2013-09-17 01:42:17 AM
It will be so awesome when hollywood ruins it!
 
2013-09-17 02:06:48 AM
Will Jack Nicholson be in this one too? Will Kuberick be risen from the dead solely to give the movie tie in the care it needs to become entertaining?
 
2013-09-17 02:16:29 AM
I'm not going to read a review for fear of spoilers. I will say this: Stephen King has a very scary upper lip.
 
2013-09-17 02:45:07 AM
I must read this, that said, I liked Kubrick's version of The Shining.
 
2013-09-17 03:03:53 AM
There actually is a spoiler in that review with no warning.
 
2013-09-17 03:06:17 AM
Been rereading King lately.
Gotten through The Stand, The Tommyknockers and now on The Dead Zone.
So... relevant to my interests.

/Couldn't figure out why things seemed to be missing from The Stand
//Realized I have the original cut version.
///M-O-O-N that spells longer version is better.
 
2013-09-17 03:47:44 AM
I'm an alcoholic, and I tend to well have odd mood swings, so I was trying to insist the girl read The Shining so, you know, she would know where I was coming from.

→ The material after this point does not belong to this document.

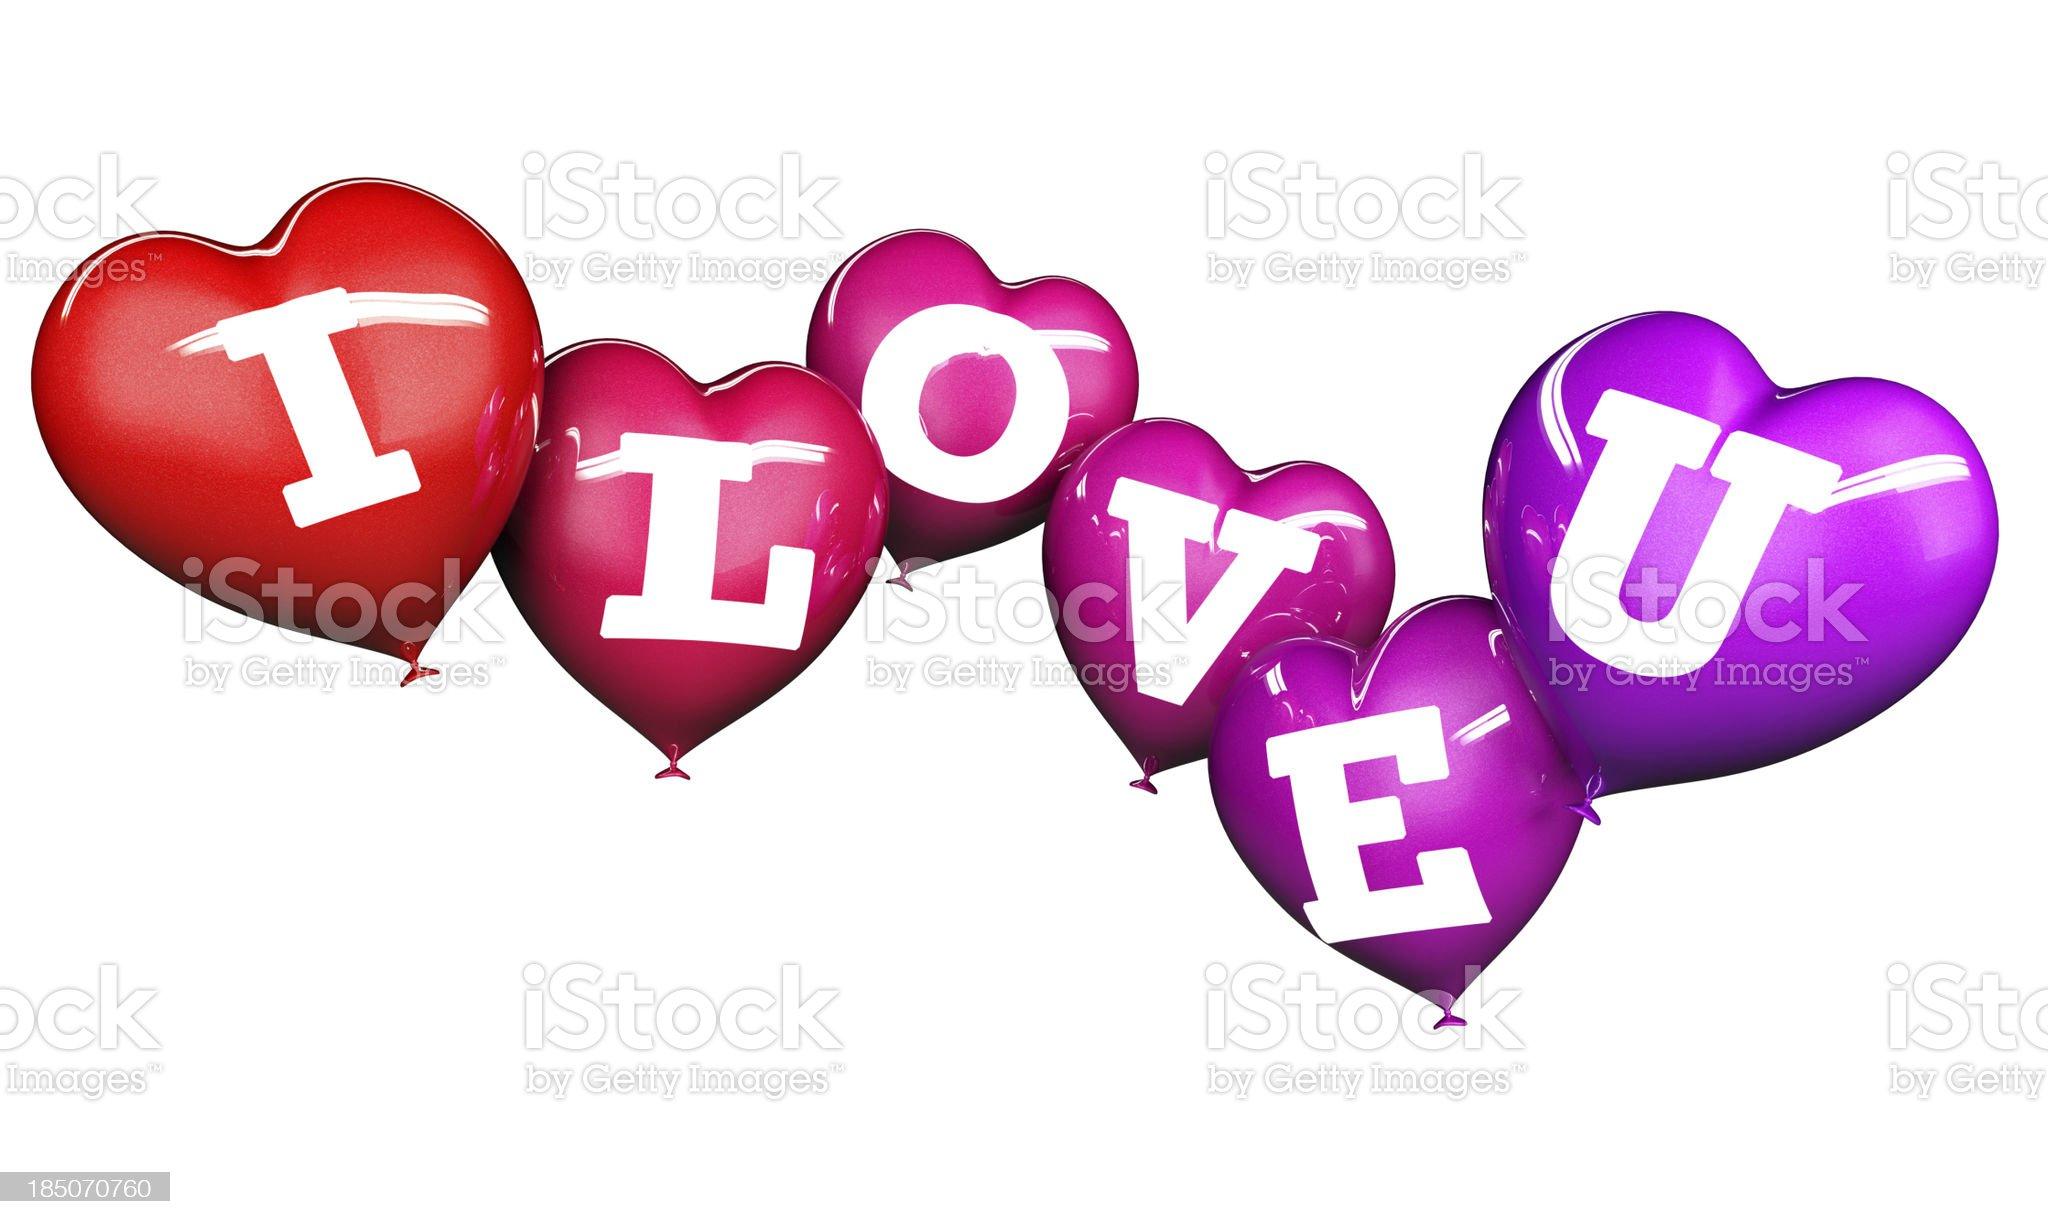 I Love U heart shaped balloons (XXL) royalty-free stock photo

No really, I thought this was a good idea.
 
2013-09-17 04:28:58 AM
It's been a long time since I read the shining or saw the film but I thought that Kubrick was quite faithful to the book.

Stephen King looks bizarrely like my dead uncle - John Edwards who dropped dead from a ruptured berry anuerism back in 2003.
 
2013-09-17 04:30:28 AM

coolpapabell: There actually is a spoiler in that review with no warning.


Yeah I thought that. It seems that for a book like that it would be built around suspense, but that comment kinda gives away the ending.
 
2013-09-17 05:59:27 AM

kg2095: It's been a long time since I read the shining or saw the film but I thought that Kubrick was quite faithful to the book.


You must be high.  Aside from the basic premise, the book and movie couldn't be further apart.
 
2013-09-17 06:11:00 AM

karmachameleon: kg2095: It's been a long time since I read the shining or saw the film but I thought that Kubrick was quite faithful to the book.

You must be high.  Aside from the basic premise, the book and movie couldn't be further apart.


The Steven Weber tv movie was far superior to the film version. By leaps and bounds.
 
2013-09-17 06:40:26 AM

karmachameleon: kg2095: It's been a long time since I read the shining or saw the film but I thought that Kubrick was quite faithful to the book.

You must be high.  Aside from the basic premise, the book and movie couldn't be further apart.


Yeah.  It took him a good chunk of the book to start going crazy.  The movie has him losing it almost immediately.
 
2013-09-17 06:43:29 AM

robohobo: karmachameleon: kg2095: It's been a long time since I read the shining or saw the film but I thought that Kubrick was quite faithful to the book.

You must be high.  Aside from the basic premise, the book and movie couldn't be further apart.

The Steven Weber tv movie was far superior to the film version. By leaps and bounds.


Oh you...
 
2013-09-17 06:45:08 AM

robohobo: karmachameleon: kg2095: It's been a long time since I read the shining or saw the film but I thought that Kubrick was quite faithful to the book.

You must be high.  Aside from the basic premise, the book and movie couldn't be further apart.

The Steven Weber tv movie was far superior to the film version. By leaps and bounds.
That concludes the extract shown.